(Supplied material begins)
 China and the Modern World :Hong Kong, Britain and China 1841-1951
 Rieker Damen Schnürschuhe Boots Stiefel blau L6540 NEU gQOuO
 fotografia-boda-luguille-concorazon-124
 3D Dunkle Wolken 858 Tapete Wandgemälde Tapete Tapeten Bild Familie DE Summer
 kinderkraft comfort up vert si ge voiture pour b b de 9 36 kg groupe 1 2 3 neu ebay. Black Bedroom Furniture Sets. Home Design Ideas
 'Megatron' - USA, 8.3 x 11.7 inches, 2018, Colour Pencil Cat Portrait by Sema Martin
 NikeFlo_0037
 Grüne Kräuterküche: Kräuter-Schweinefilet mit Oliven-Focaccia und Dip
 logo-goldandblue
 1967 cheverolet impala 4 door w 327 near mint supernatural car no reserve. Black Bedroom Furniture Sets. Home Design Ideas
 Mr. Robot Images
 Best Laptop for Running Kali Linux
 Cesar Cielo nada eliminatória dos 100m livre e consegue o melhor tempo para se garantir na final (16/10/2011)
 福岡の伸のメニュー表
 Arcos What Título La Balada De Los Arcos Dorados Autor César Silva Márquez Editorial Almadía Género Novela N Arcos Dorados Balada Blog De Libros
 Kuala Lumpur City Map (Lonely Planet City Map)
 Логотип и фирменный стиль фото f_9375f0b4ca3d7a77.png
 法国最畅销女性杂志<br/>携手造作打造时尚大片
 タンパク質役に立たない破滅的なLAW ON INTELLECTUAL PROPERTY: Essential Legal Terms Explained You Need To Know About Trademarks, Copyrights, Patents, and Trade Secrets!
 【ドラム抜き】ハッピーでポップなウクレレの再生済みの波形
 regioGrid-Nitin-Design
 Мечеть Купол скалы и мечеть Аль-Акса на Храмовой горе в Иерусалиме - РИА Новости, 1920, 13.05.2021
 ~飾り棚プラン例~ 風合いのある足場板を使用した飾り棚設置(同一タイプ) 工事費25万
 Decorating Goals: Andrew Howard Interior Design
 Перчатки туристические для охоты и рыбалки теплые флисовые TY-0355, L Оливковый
(Supplied material ends)
(Your task): Word for word, return all of the records.

(Response to this task):
 China and the Modern World :Hong Kong, Britain and China 1841-1951
 Rieker Damen Schnürschuhe Boots Stiefel blau L6540 NEU gQOuO
 fotografia-boda-luguille-concorazon-124
 3D Dunkle Wolken 858 Tapete Wandgemälde Tapete Tapeten Bild Familie DE Summer
 kinderkraft comfort up vert si ge voiture pour b b de 9 36 kg groupe 1 2 3 neu ebay. Black Bedroom Furniture Sets. Home Design Ideas
 'Megatron' - USA, 8.3 x 11.7 inches, 2018, Colour Pencil Cat Portrait by Sema Martin
 NikeFlo_0037
 Grüne Kräuterküche: Kräuter-Schweinefilet mit Oliven-Focaccia und Dip
 logo-goldandblue
 1967 cheverolet impala 4 door w 327 near mint supernatural car no reserve. Black Bedroom Furniture Sets. Home Design Ideas
 Mr. Robot Images
 Best Laptop for Running Kali Linux
 Cesar Cielo nada eliminatória dos 100m livre e consegue o melhor tempo para se garantir na final (16/10/2011)
 福岡の伸のメニュー表
 Arcos What Título La Balada De Los Arcos Dorados Autor César Silva Márquez Editorial Almadía Género Novela N Arcos Dorados Balada Blog De Libros
 Kuala Lumpur City Map (Lonely Planet City Map)
 Логотип и фирменный стиль фото f_9375f0b4ca3d7a77.png
 法国最畅销女性杂志<br/>携手造作打造时尚大片
 タンパク質役に立たない破滅的なLAW ON INTELLECTUAL PROPERTY: Essential Legal Terms Explained You Need To Know About Trademarks, Copyrights, Patents, and Trade Secrets!
 【ドラム抜き】ハッピーでポップなウクレレの再生済みの波形
 regioGrid-Nitin-Design
 Мечеть Купол скалы и мечеть Аль-Акса на Храмовой горе в Иерусалиме - РИА Новости, 1920, 13.05.2021
 ~飾り棚プラン例~ 風合いのある足場板を使用した飾り棚設置(同一タイプ) 工事費25万
 Decorating Goals: Andrew Howard Interior Design
 Перчатки туристические для охоты и рыбалки теплые флисовые TY-0355, L Оливковый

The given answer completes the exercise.